- **Problem to solve**:
Below are several records. Retype exactly those lines running from the one with "Cabin Mounting OEM 1377562 from WONDEE" through the one with "kannel insurance mascot", end lines included, and no others.

- **Dataset extract**:
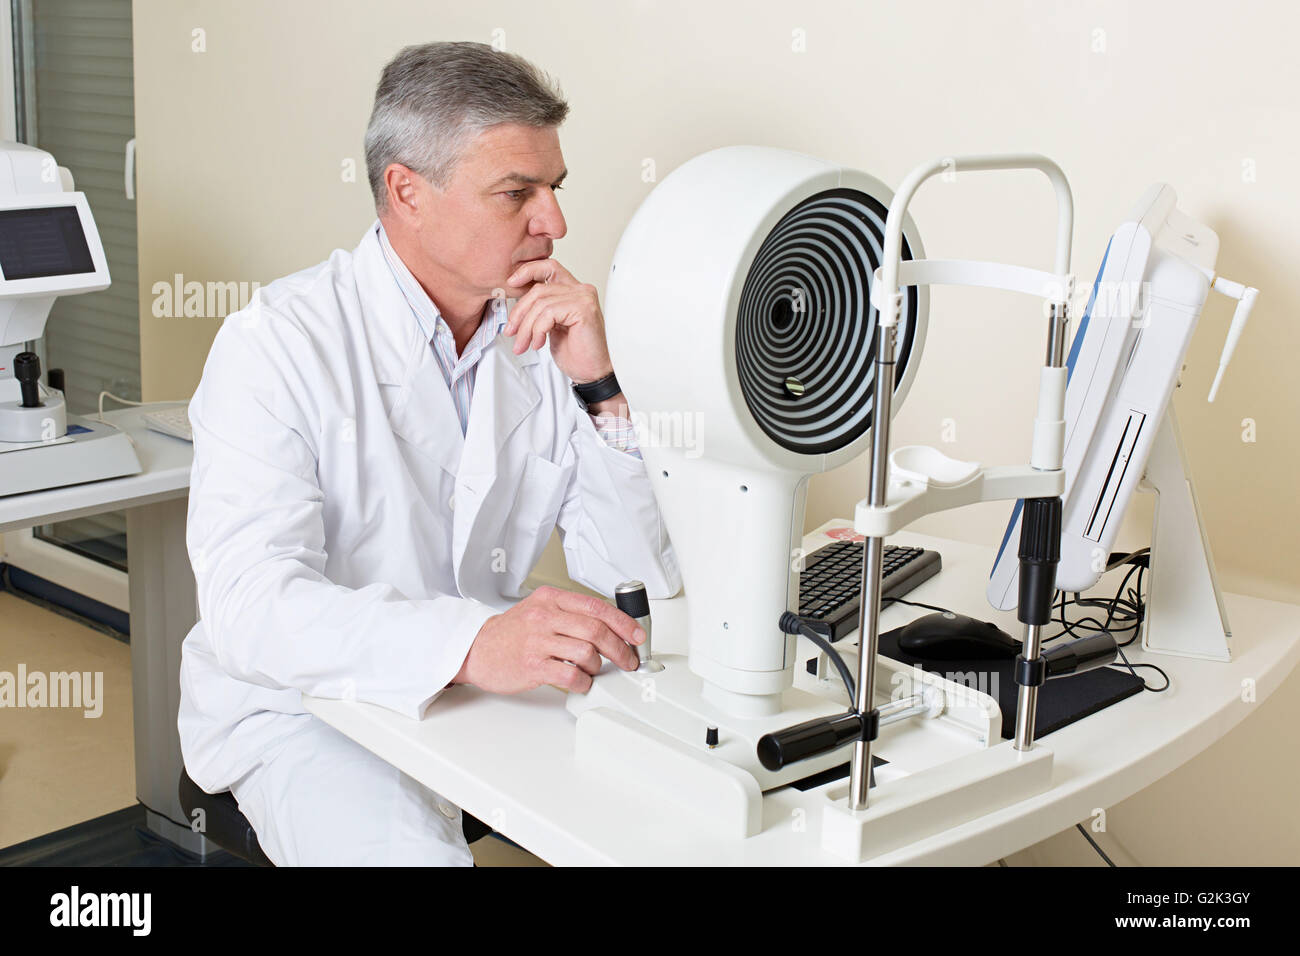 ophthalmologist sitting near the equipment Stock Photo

==

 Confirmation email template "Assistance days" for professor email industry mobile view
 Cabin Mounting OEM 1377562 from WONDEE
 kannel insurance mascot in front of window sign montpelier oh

- **Answer to the problem**:
 Cabin Mounting OEM 1377562 from WONDEE
 kannel insurance mascot in front of window sign montpelier oh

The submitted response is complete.